A similar analysis could be done using wind turbines—the world would need to construct 2.8 million 5 megawatt (MW) wind turbines from now until 2050, assuming 30% efficiency—or solar. The global solar photovoltaic (PV) industry reached a significant milestone in its 50-year history when cumulative global-installed solar PV reached 100 GW earlier this year. Yet to decarbonize the global electricity supply, the world would have to deploy 100 GW of PV panels every 66 days from now until 2050. Any way you cut it, the scale of the challenge is massive.
So how is the world doing in its quest to decarbonize the global energy supply? Not so well. Even though renewable energy technologies, such as wind and solar PV, have been growing rapidly, progress in decarbonizing the global energy supply has stalled.
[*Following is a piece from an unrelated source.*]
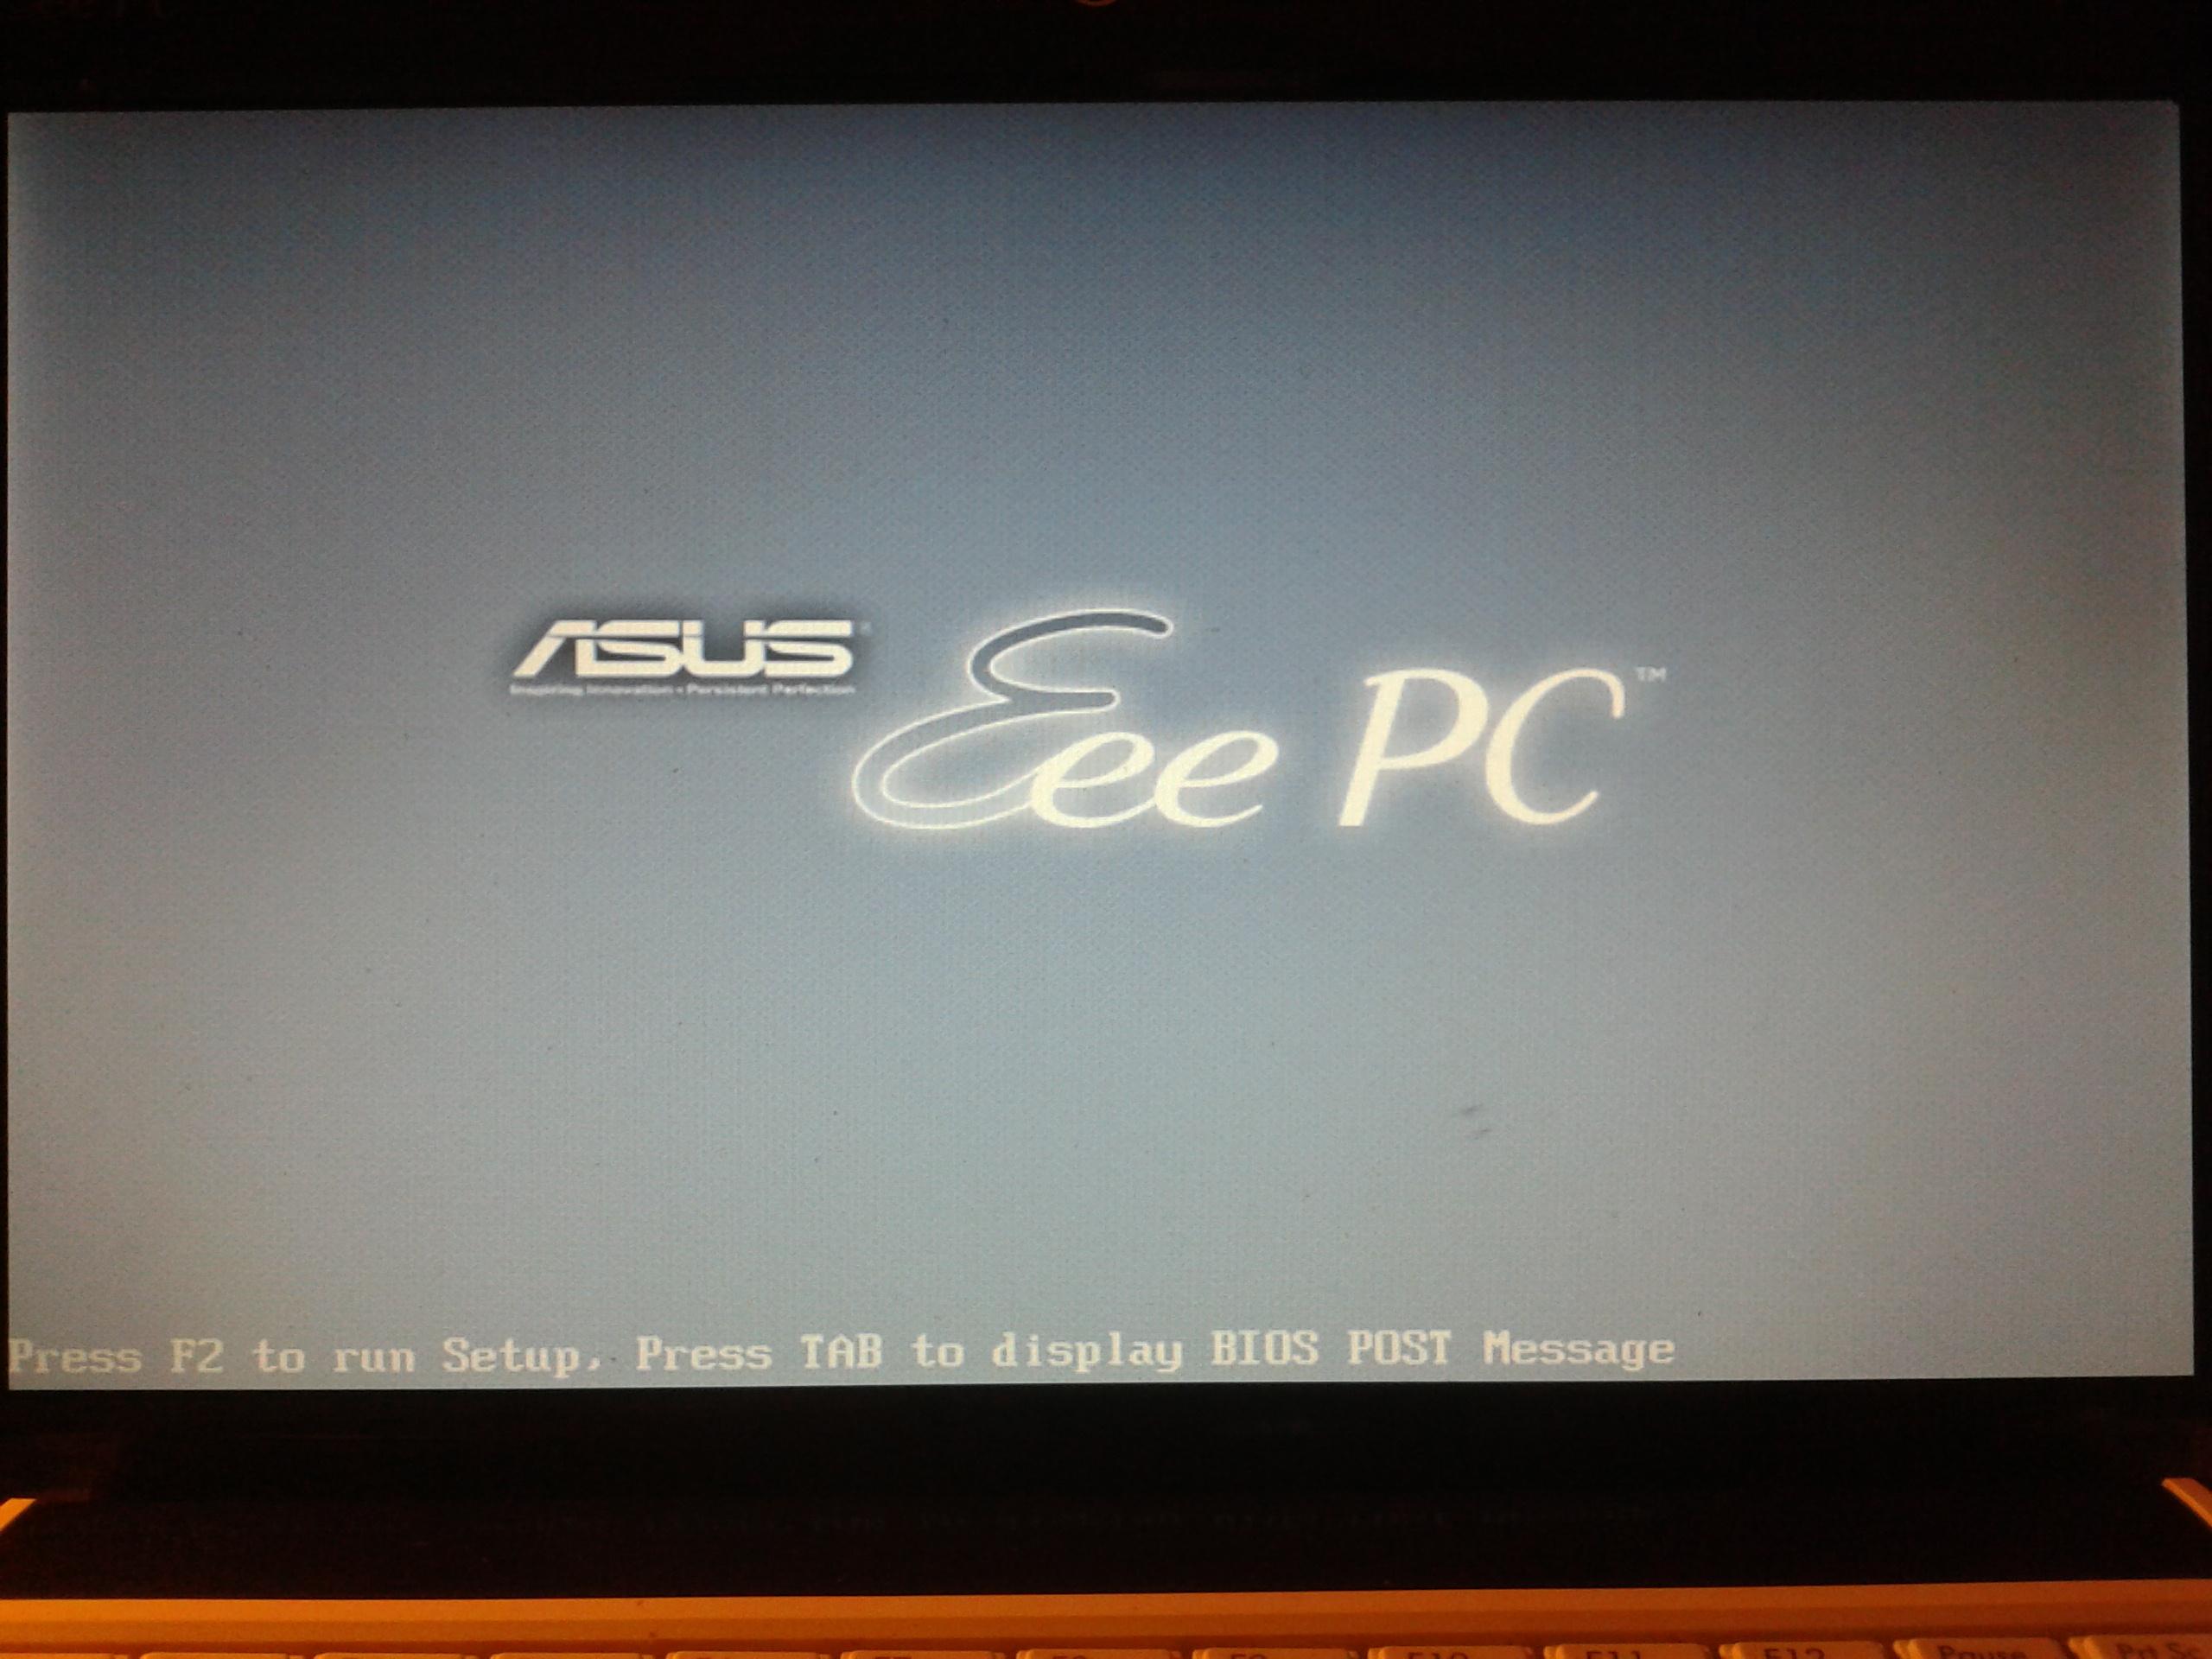 ASUS EEE PC 1005HAG 3G DRIVER WINDOWS XP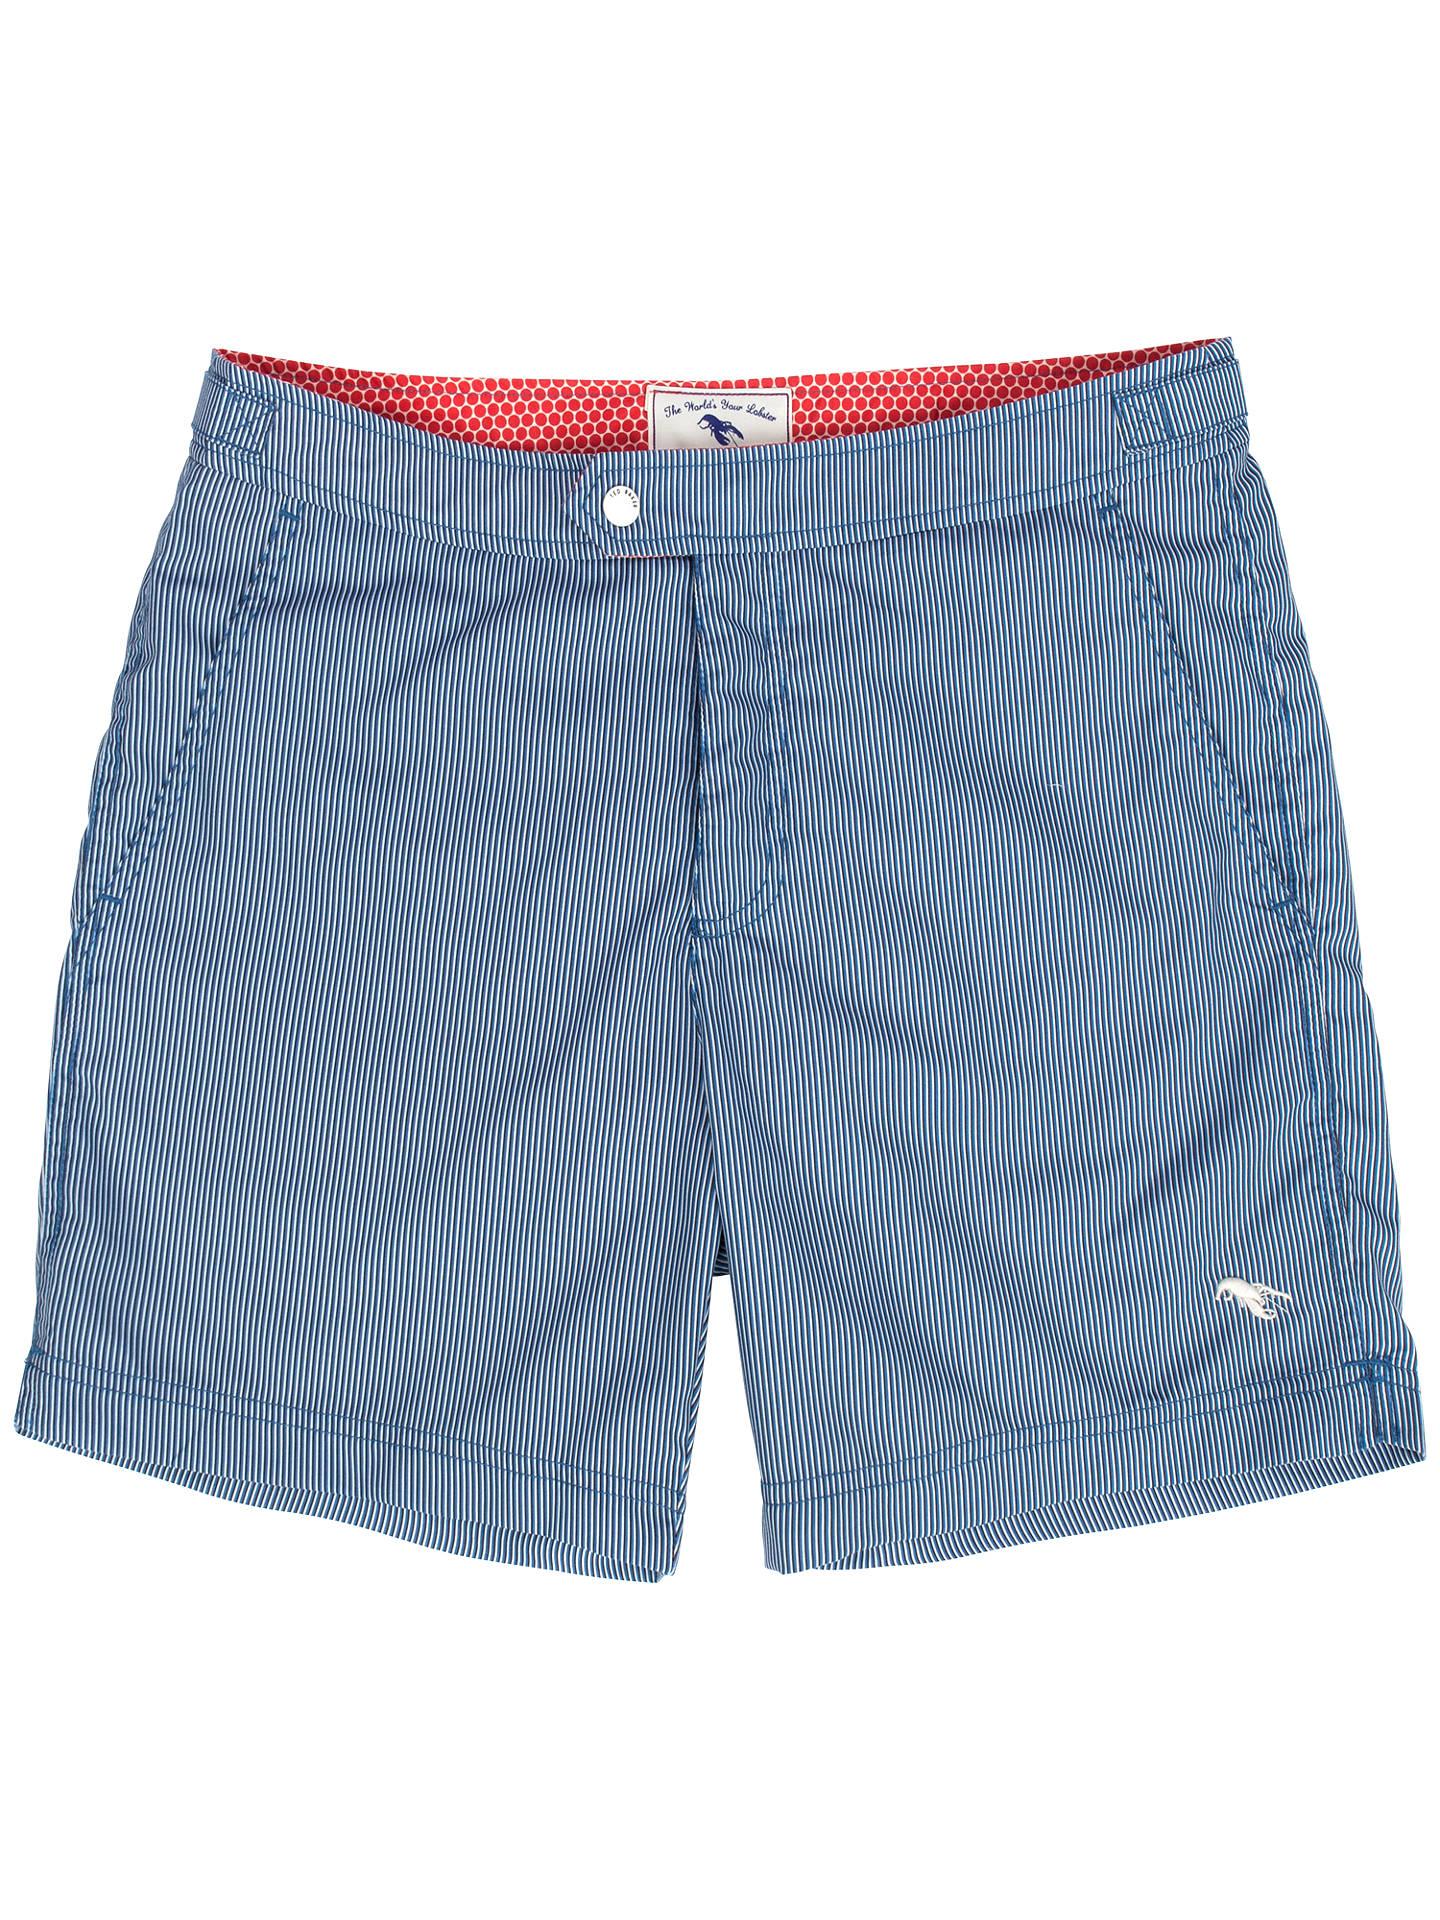 34d0bccada Buy Ted Baker T for Tall Rockfel Swim Shorts, Bright Blue, 4T Online at ...

According to the BP Statistical Review of 2013, the share of carbon-free energy in world energy consumption stood at 13%, essentially the same as its level in 1995.
It is certainly true that renewable energy technologies have started to expand in the electricity sector and are expected to continue to grow quickly in the coming decades. The IEA estimates that the share of renewable energy generation in the global electricity sector is expected to rise from 20% in 2011 to 25% in 2018, with the share of non-hydro renewables increasing from 4% to 8%.
Yet clean energy continues to be outpaced by the growth in fossil fuels. Current rates of clean energy deployment are not sufficient to meet the international community’s target for climate stabilization. To achieve these goals, a much larger international effort must be pursued to research, develop and demonstrate new clean energy technologies and accelerate their introduction into the marketplace—the topic of a future post.